If pre-ART retention is to improve, consistent terminology is needed for collecting data, measuring and reporting outcomes, and comparing results across programs and countries. The definitions we propose offer a strategy for improving the consistency and comparability of future reports.

Keywords: HIV, retention, attrition, antiretroviral therapy, pre-antiretroviral therapy care, resource limited setttings


Although some five million patients are currently accessing antiretroviral treatment (ART) globally (WHO/UNAIDS/UNICEF 2010) late presentation for ART, as represented by persistently low CD4 counts at ART initiation, continues to be the norm in many parts of the world (Fox and Rosen 2010, Rosen et al. 2007, Cornell et al. 2010, Nash et al. 2011). This phenomenon prevails even where widespread HIV testing is available, due in part to failure of patients who are not yet eligible for treatment when diagnosed (Larson et al. 2010b, Larson et al. 2010a, Bassett et al. 2010, Bassett et al. 2009, Losina et al. 2010, Tayler-Smith et al. 2010, Micek et al. 2009) to enroll and remain in pre-ART care and failure to initiate treatment promptly among those who are already ART-eligible at HIV diagnosis (Ingle et al. 2010) In a recent systematic review, we estimated that fewer than a third of patients testing HIV-positive in sub-Saharan Africa remain continuously in pre-ART care until ART initiation (Rosen and Fox 2011).

While our review made clear that patient attrition from pre-ART care is very high, the literature on retention in pre-ART care was difficult to synthesize due to unclear and widely inconsistent definitions of terms and time intervals for reporting on cohort outcomes. We found that follow-up intervals to determine the proportion of a cohort achieving a specific outcome, such as some measure of retention in pre-ART care prior to ART eligibility, ranged from 7 to 1826 days. The outcomes reported included “enrolled in care,” “linked to care,” “still in care at date of data censoring,” “repeat CD4 count one year after initial assessment,” “less than 30 days late for last visit,” and others. Because each analysis measured a different time period or outcome, estimates could not be compared across studies, nor could they be combined to monitor overall progress.

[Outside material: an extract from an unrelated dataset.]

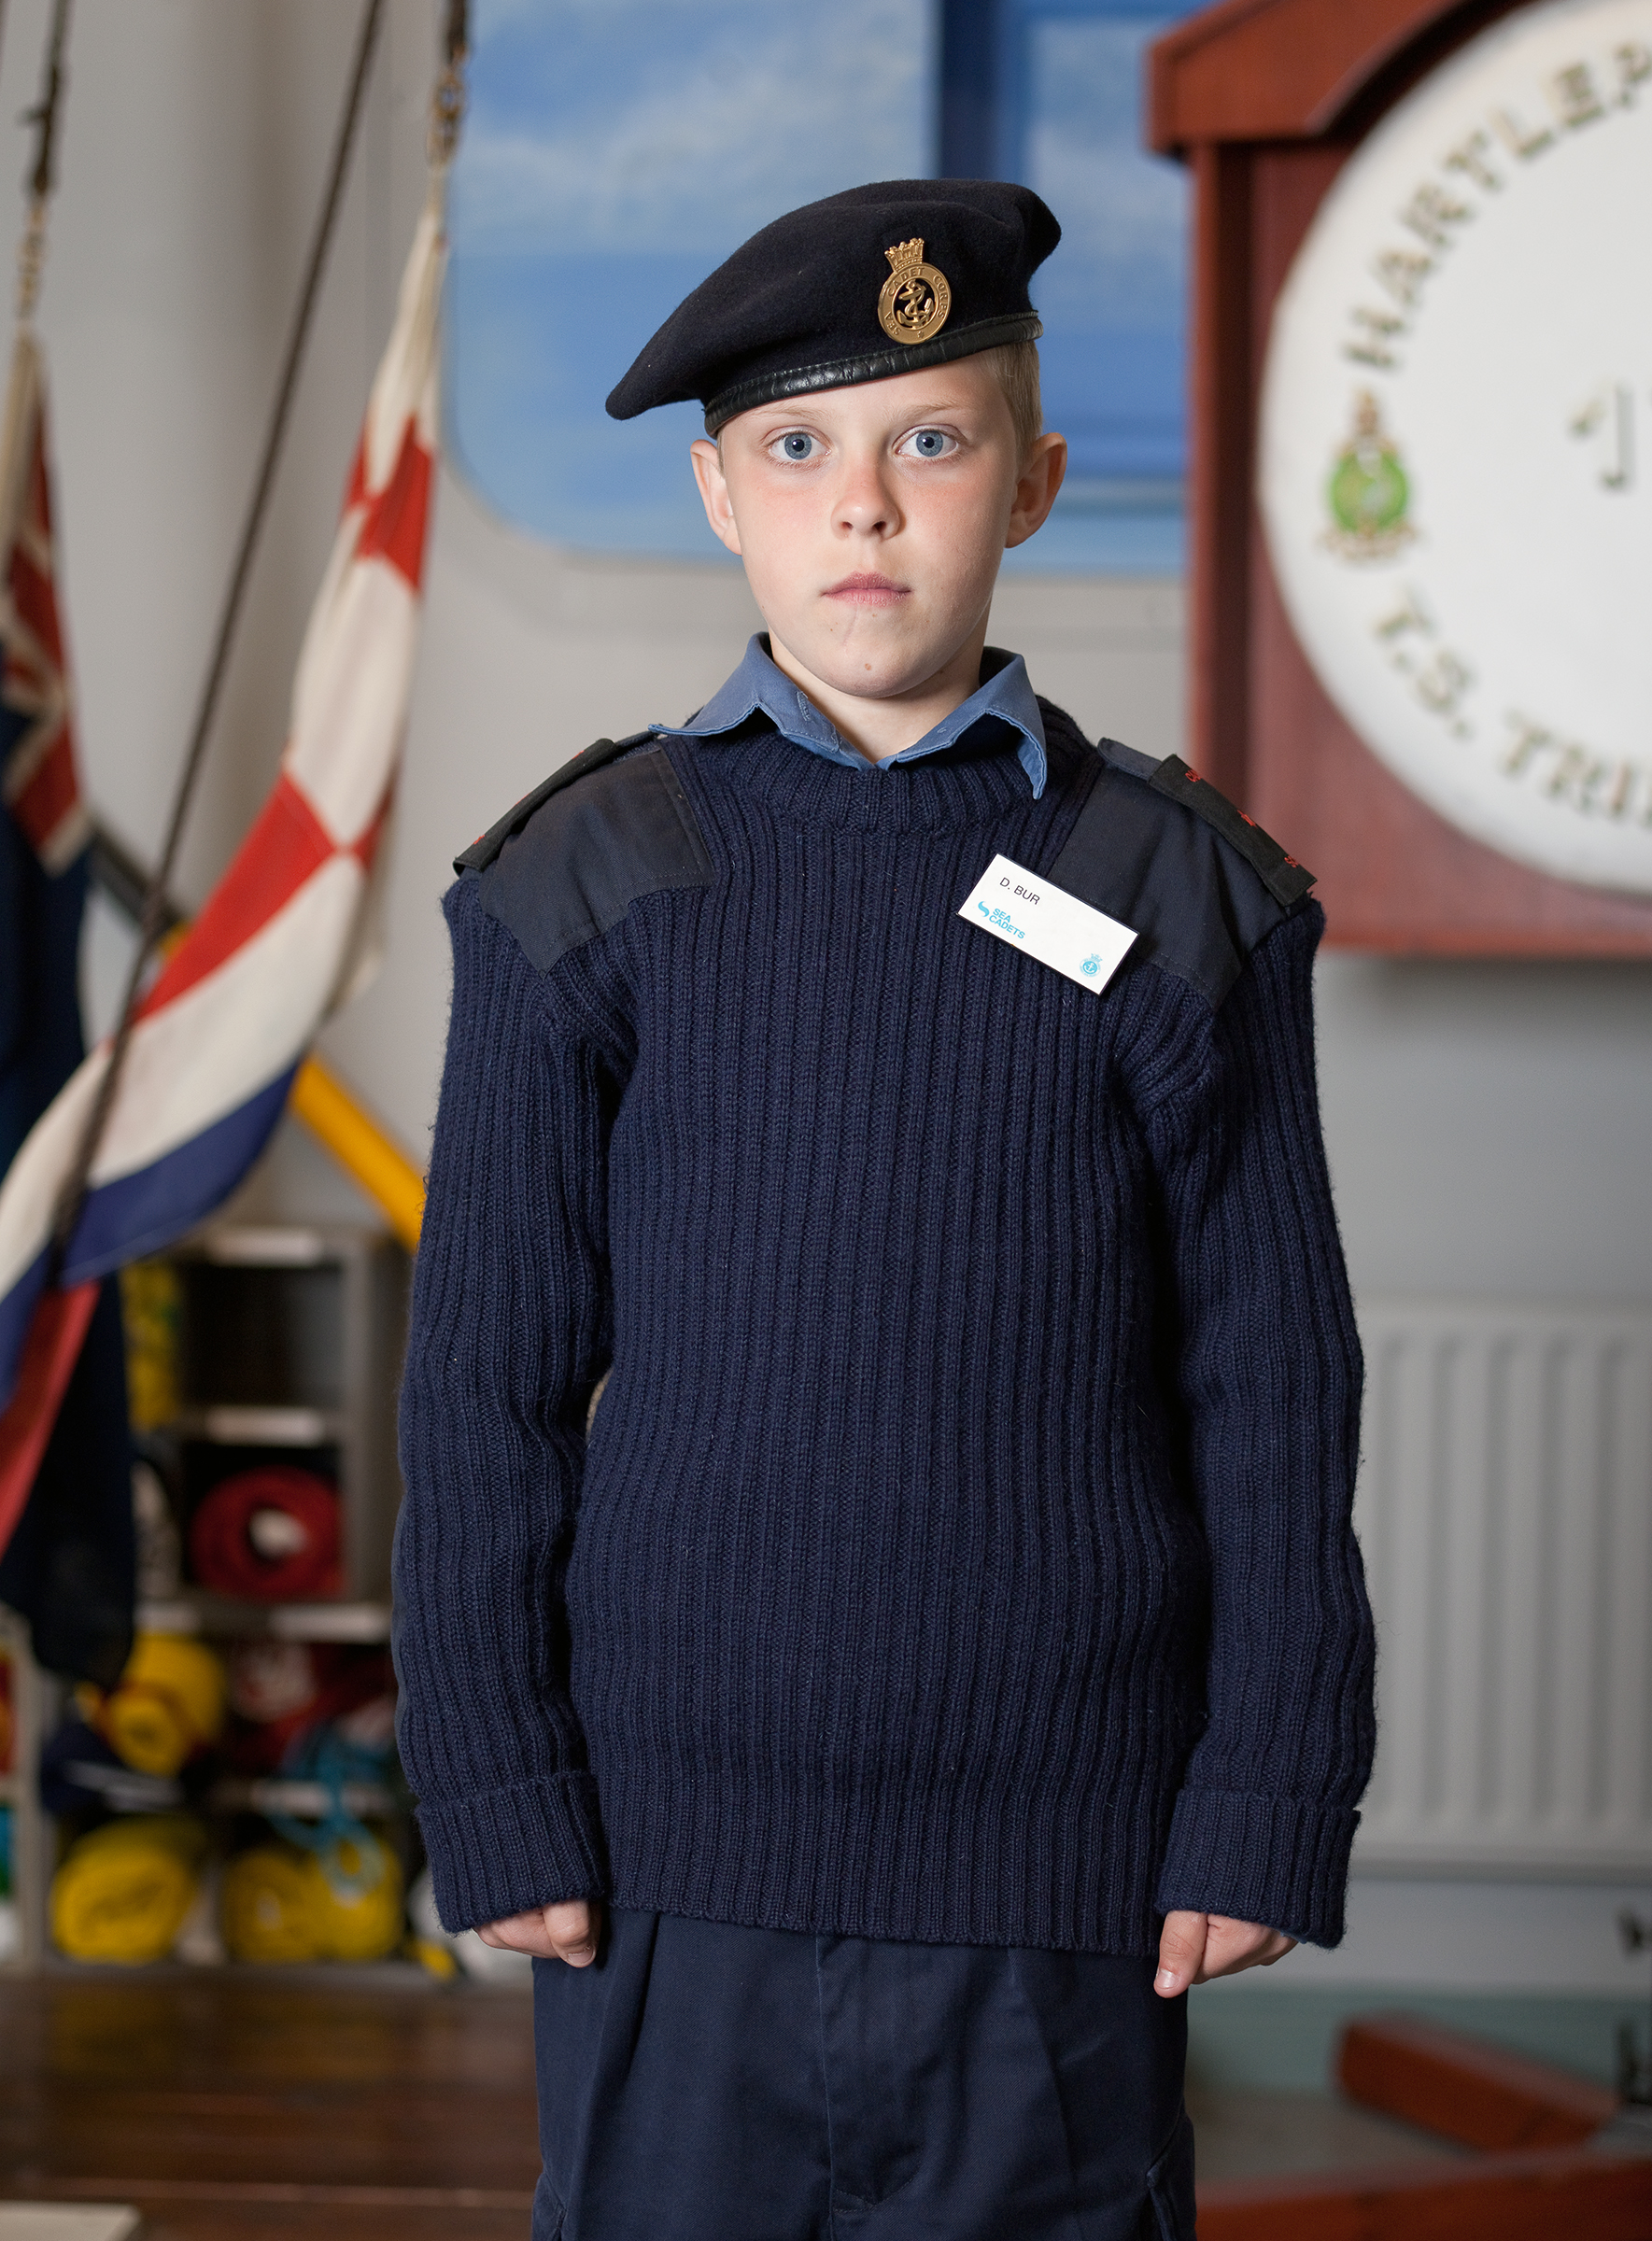 594381. Sea Cadet

To some extent this lack of consistency is to be expected. Even more than the period after ART initiation, the pre-ART period usually requires tracking patients across multiple sites (e.g. from a testing site to a referral site), is dependent on program-specific schedules for repeated visits, lacks clear start and end points, and requires a long duration of follow-up before patients reach outcomes of interest. In addition, the data needed for measuring pre-ART retention are often not routinely captured by large-scale HIV treatment programs, which to date have focused on patients who have initiated ART.

Some of the difficulty in interpreting studies of pre-ART care arises from a lack of consistent methods by researchers. Our review called for clearly defined terminology, definitions, time intervals, and end points for reporting retention in pre-ART care. Here we examine the challenges in developing clear definitions, propose definitions of attrition and retention in each stage of pre-ART care, and discuss the data required for accurately measuring retention.

Stages of pre-ART care

Most pre-ART care programs in resource-constrained countries are designed to have patients pass through a series of steps between testing positive for HIV and initiating ART. The content of pre-ART care programs varies widely by country and service provider, ranging from simple monitoring of ART eligibility to a full package of health and social services (WHO HIV Department 2011). In some cases no dedicated pre-ART services are offered or there are no formal guidelines for care to be provided during this period. For purposes of consistent measurement in cohorts across countries and service providers, we focus on ART eligibility monitoring as the essential component of pre-ART care. Key concepts related to pre-ART care are defined in Panel 1.

Panel 1
Definitions of Key Concepts in pre-ART Care

As in our previous review (Rosen and Fox 2011) we divide pre-ART care into three discrete stages of care (Figure 1). Each stage is defined in its own panel (Panels 24). We used the literature and field experience to develop practical, standardized, and quantifiable definitions for reporting retention among cohorts of patients for the three stages of pre-ART care. We caution that these definitions are not meant to suggest an ideal interval in which patients should complete a stage (which would always be as quickly as possible); rather, they represent a tradeoff between the desire to transition patients onto ART as soon as they are eligible and the practical delays that often ensue in the process. Below and in the panel for each stage, we recommend a standard definition for retention in each stage of pre-ART. We also note that in reality there is some cycling between stages as patients who leave on stage may re-engage with the care and appear as a new patient. To improve the clarity of reported estimates, we recommend reporting pre-ART retention to a consistent duration of follow up for all patients in the cohort and avoiding reporting to a date of censoring.

Figure 1
Stages of pre-ART HIV care (to be reproduced pending permission from PLoS Medicine)
Panel 2
Description and Definitions for Stage 1 of Pre-ART Care
Panel 4
Panel 4 –

Stage 1 – HIV testing to completion of first ART eligibility assessment

Stage 1 (Panel 2) covers the period from the time a patient receives a positive HIV diagnosis until they complete their first ART eligibility assessment. Patients testing positive must present to an HIV treatment clinic and complete their first ART eligibility assessment. The stage ends when the patient is aware of their ART eligibility status.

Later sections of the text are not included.